Ubuntu experts at OMG Ubuntu characterize the latest revision in RAM specs as “an honesty bump.” In other words, the core OS isn’t really more demanding on system resources this time around, but Canonical recognizes that with the latest Gnome desktop, modern web browsers, and typical multitasking workflows, users should look at a minimum of 6GB of RAM.
Please everyone read or at least skim articles before posting.
NEVER!
Web browsing is the real murder here.. and i dont want to know how much memory is solely spent on ads
The week after GDPR went into effect was amazing. Almost nobody was ready, so they just turned off all their ads and tracking for European IPs while they figured it out. Pages loaded pretty much instantly.
I'm concerned about in-system bloat because I read the linked article.
Rather, it’s more of an honesty bump. Components that make up the distro – the GNOME desktop and extensions, modern web browsers (and the sites we load in them) and the kinds of apps we use (and keep running) whilst multitasking are more demanding.
The desktop itself isn't the only reason that you need more RAM, but it's definitely one of them.
They’re raising it because of RAM needs of browsers and GNOME.
If you’re a shell nerd like me, you’ll still be fine running it on a potato.
It's an illuminating experience to go to a store with Apple computers with 8GB of RAM on display, and browse to a RAM-heavy unoptimized website like YouTube or even Reddit now.
Open a few tabs.
Open a dozen.
You'd be surprised what a decently coded OS can pull off without compromising on the visuals.

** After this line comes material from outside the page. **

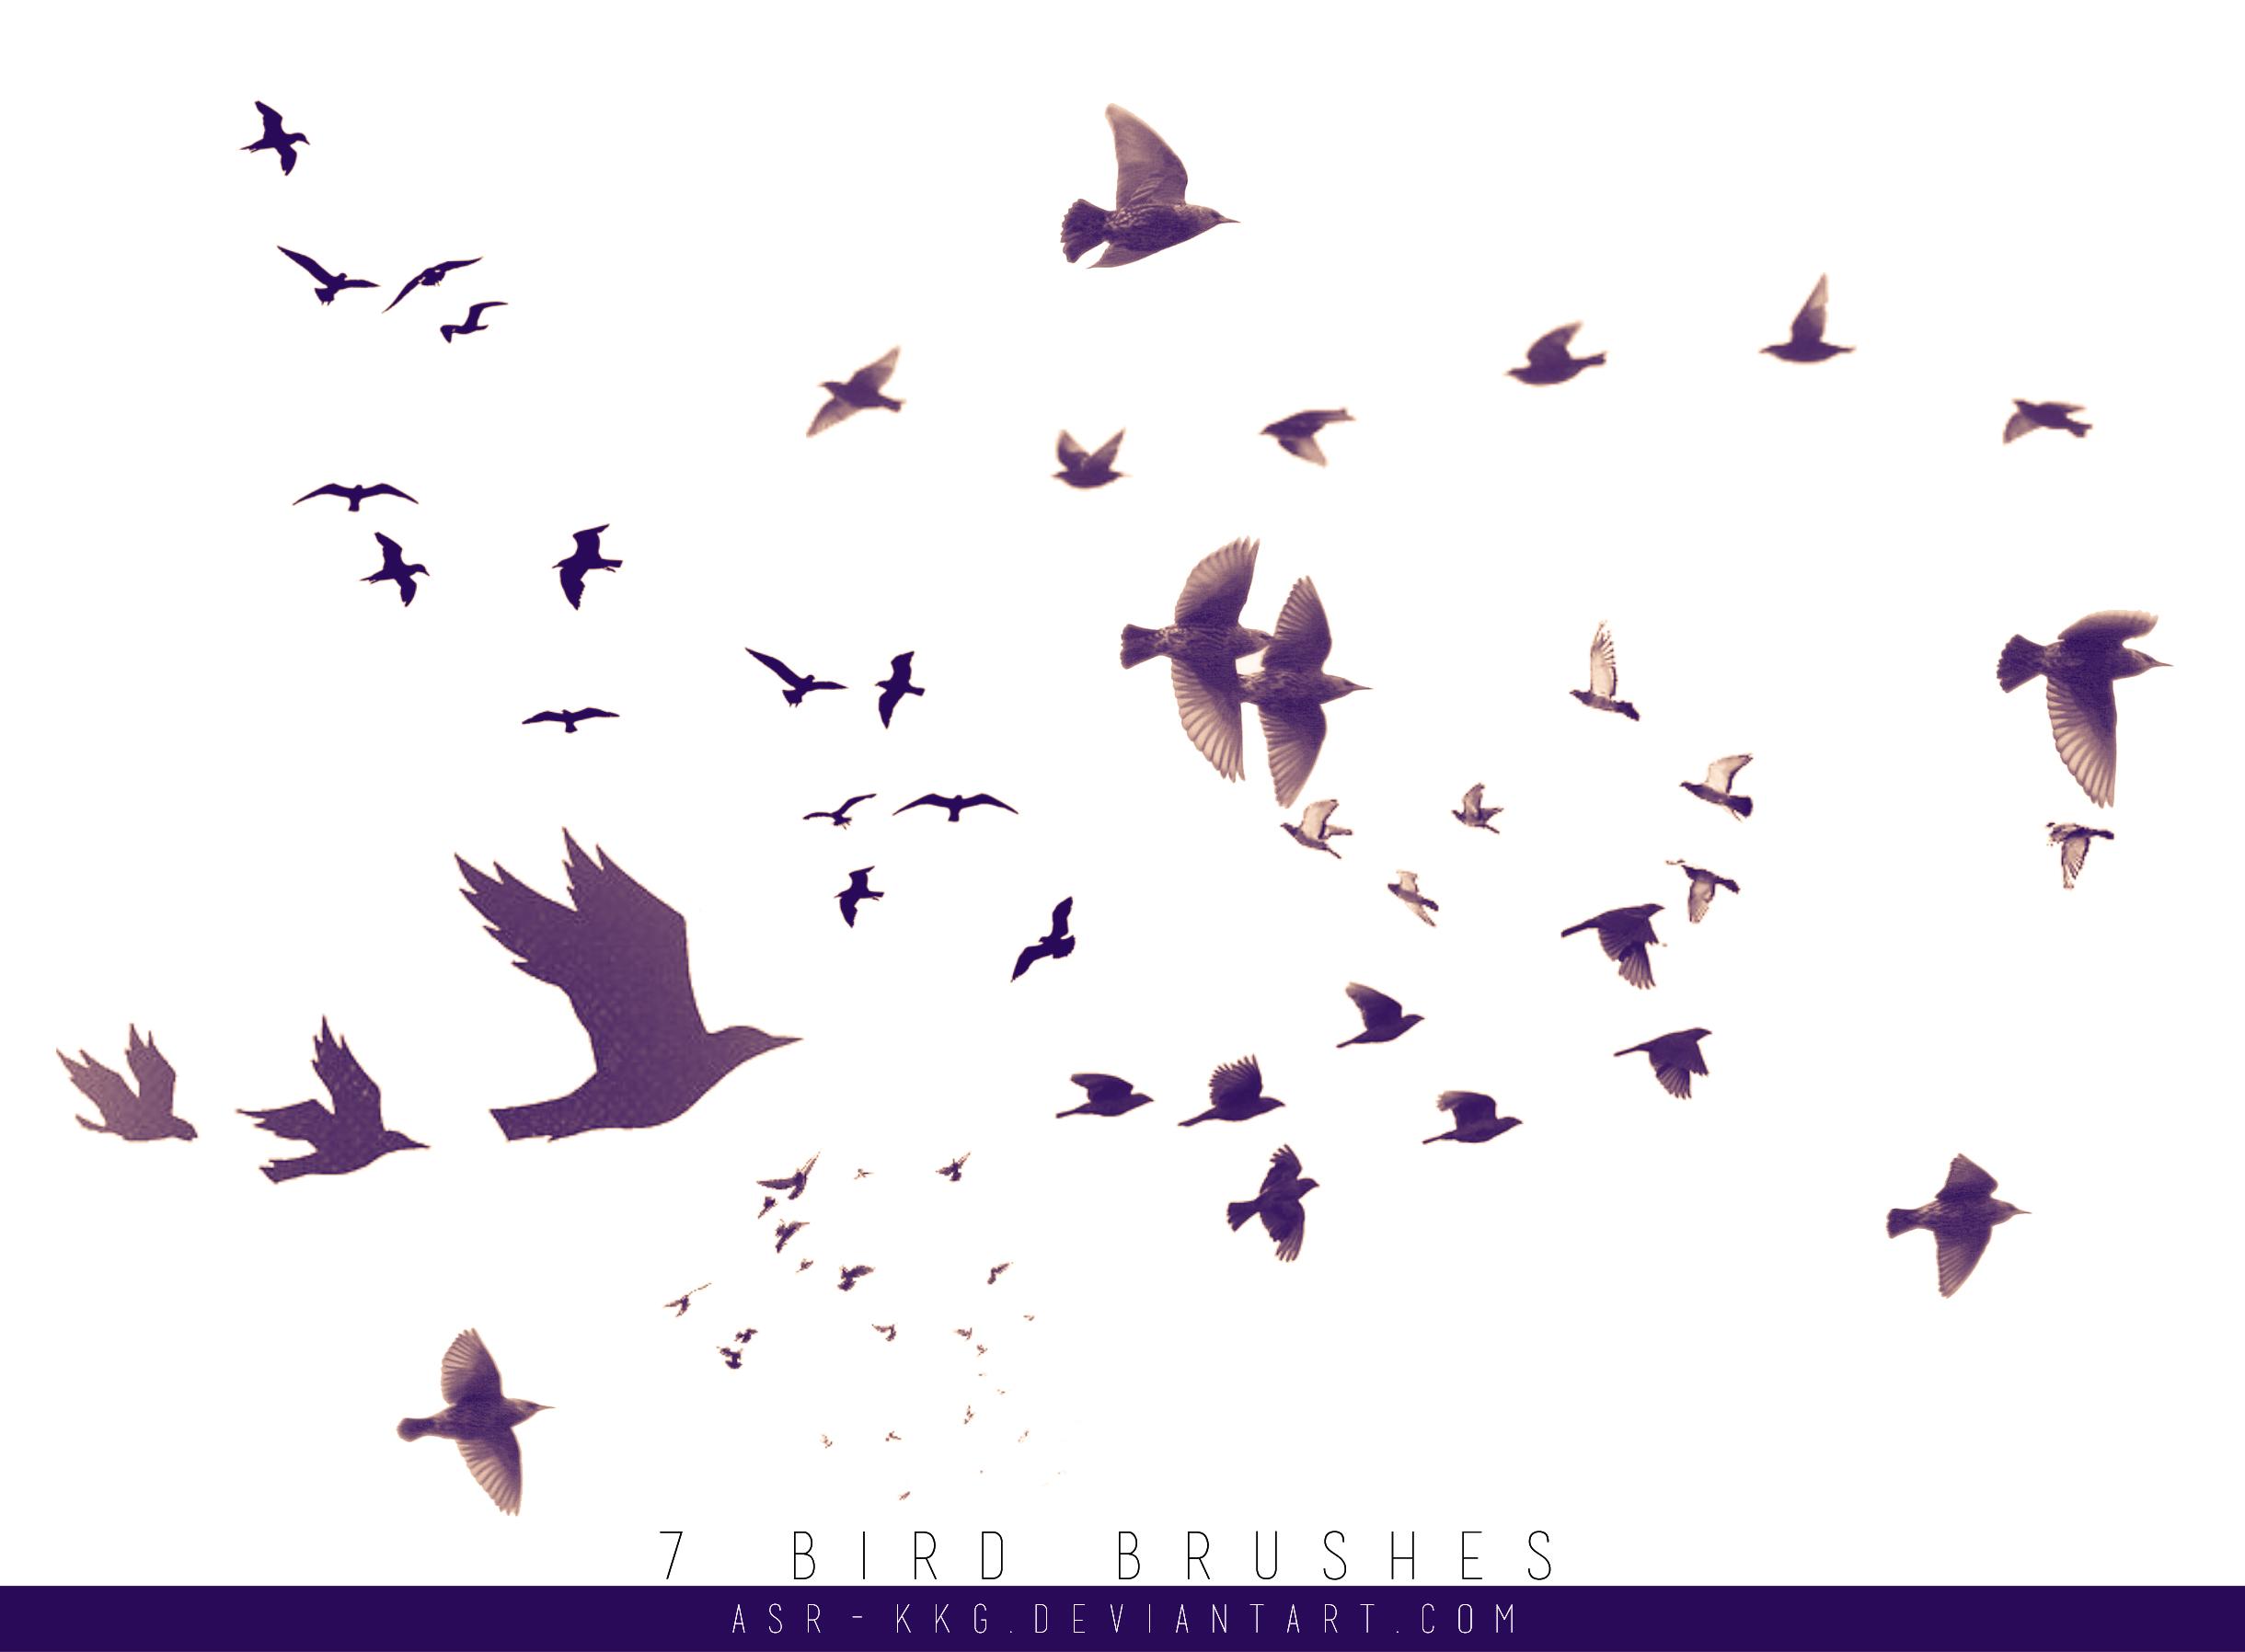 | 7 - B I R D S   B R U S H E S | by Dear-Raven

I don't immediately hate it. It's been a while since any laptops/prebuilds shipped with less than 8 GB, and there's distros out there far better suited to running on low power or legacy hardware.
In this economy?
So basically the system requirements of Chrome.
"HERE'S A NICKLE, KID. GET YOURSELF A BETTER COMPUTER."

20 years ago when Scott Adams was still a moderately sane human.
Wow, it needs more RAM than Windows!
https://www.microsoft.com/en-us/windows/windows-11-specifications
Wow those min specs are pure bullshit. Sure you can run the OS - oh, did you want to do anything else with your PC? Good luck
That's pretty much what a browser needs these days.
Use Debian if you want a system like Ubuntu that isn't full of Canonical's corporate shit. Ubuntu is based on Debian.
This doesn't seem so bad, though. 2 GB more in about 10 years is pretty reasonable in terms of an increase.
It's not like they doubled it.
Fun thing, I just booted up an old computer. Started right up. It had Ubuntu 11.10 on it.
Now, I obviously didn't connect the thing to the Internet. Updates would have probably failed hard. Not because it's missing over a decade of updates so there might be some complications on that front, but because it's a Pentium III with Definitely Not Even a Gigabyte of memory. (Oh and a Nvidia GeForce 2 MX. I'm pretty sure that's not supported by... any driver any more.)
I wonder how much of this is just modern web apps... even running without a containerized distro and a leaner DE - I still have +90% of my RAM taken up by websites.
Modern UI development is such fucking shit. I have no idea why they went with all of these heavyweight shit frameworks.
- Everything is a framework under a framework running on a pseudo virtual machine. 6 GB are just for the notepad and the mouse driver.
When I built my current rig a few years back (when I still used Windows and Photoshop), I said, "RAM is cheap enough, and more is better, but don't go overboard."
That's how I ended up with 64GB of RAM.
Meanwhile on my raspberrypi 4 running Ubuntu server:

And my tablet running stock Ubuntu:

8GB was barely enough 10 years ago. That's when I switched to Arch+KDE. Then KDE started using more. memory.
More memory meaning? From 800Mb to 1GB? I'd say, for what plasma is, its ram usage is low.
agreed. KDE is pretty much the gold standard of the usability versus resource usage tradeoff, IMHO. From what I've seen: Websites/Web Browsers = worst offenders.